Yet all this has in the recent past been expressed in terms of a disarming condition of innocence, often described as a post-modern concern for diversity, individuality, the empowerment of the marginal, and a whole host of other propositions on which there is a concurrence between xenophobes, liberals and third world communalists and integralists, all of whom speak the rhetoric of diversity, of difference, of particularity, a rhetoric which conflates the banal realities of diversity and of particularity with the topoi of culturalist and ethnographic classification. All in all, the kitsch and the spectacular, are taken for the authentic and invariant, and this procedure is often freely encouraged not only by ideologues of authenticity, but by various other native informants, some of them professional, who play to an eager gallery, although this is not usually noticed by anthropologists, journalists, or other experts.
This post-modernist delight in the pre-modernity of others is all the rage; what it subtends really is a vigorous and triumphalist post-modernism, premissed on post-Communism, and bereft of the normative, aesthetic, and cognitive attributes of modernism. It is hence captive to the relativistic drift inherent in the use, by history and sociology, of the metaphor of the organism to describe identities as absolute subjects.
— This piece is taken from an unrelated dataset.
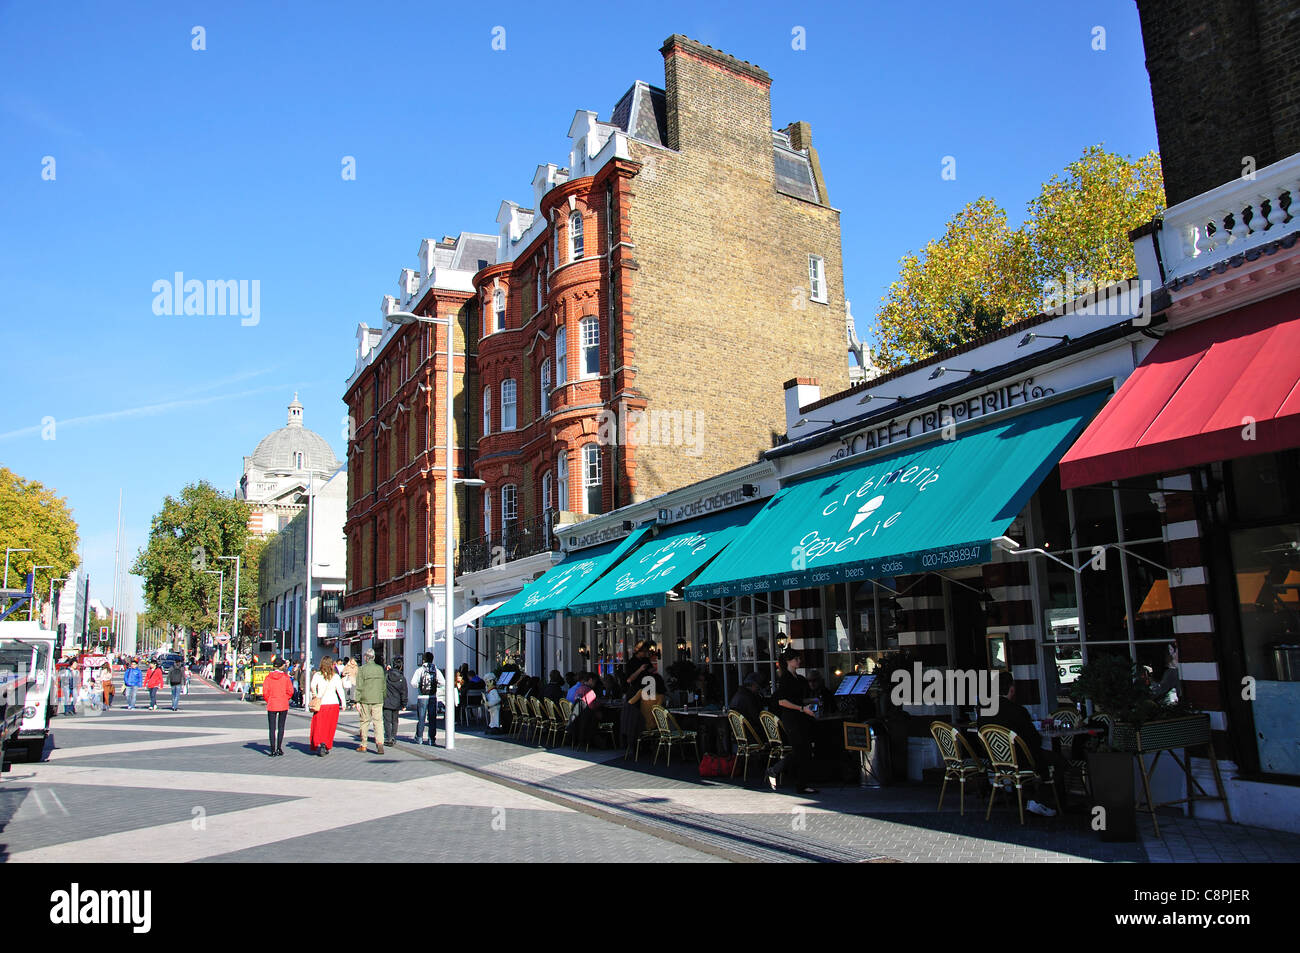 Café Cremerie, Exhibition Road, Kensington, quartier royal de Kensington et Chelsea, Greater London, Angleterre, Royaume-Uni Banque D'Images

This, I have repeatedly reminded you, is a standard component of European irrationalism.
It is therefore particularly disturbing to me that Gellner--please note that I am neither sniping at nor picking on him: I refer to him specifically for convenience, because he captures with particular eloquence and limpidity the current demotic mood, and expresses clearly and explicitly matters that others prefer to state more guardedly, and carries them with authority outside the field of area studies into general circulation--it disturbs me particularly that Gellner, the anti-relativist par excellence, should state "In Islam, it is all different" 3 --which once again reminds me of an anti-Jesuit polemic of 1880, by the novelist Jules Durantin, who wrote: "Everything progresses, except the Company of Jesus." 4 Gellner similarly liberates himself from the burden of proof--but equally, and most saliently, he liberates himself from the discipline of his trade of sociologist, anthropologist, and theorist of history. He similarly proceeds to state and re-state an entire interpretation of Muslim histories and of present-day Islam, which he reduces to an invariant model whose schematism is breathtakingly peremptory, and empirical objections to which he simply ignores. Briefly stated, this "pendulum-swing" theory of Islam postulates two forms of religiosity, the enthusiastic-rustic and the puritanical-urban, in a primordial cyclical conflict which fundamentally constitutes Muslim history--so fundamentally, indeed, that the present condition of the Muslims can be conceived in no other way than that of the triumph of urban puritanism; correlative with this religious characterization of a history, reduced to religious culture, is the proposition that no modernism for Muslims is inconceivable in terms other than those of the Muslim doctrine and its dictates.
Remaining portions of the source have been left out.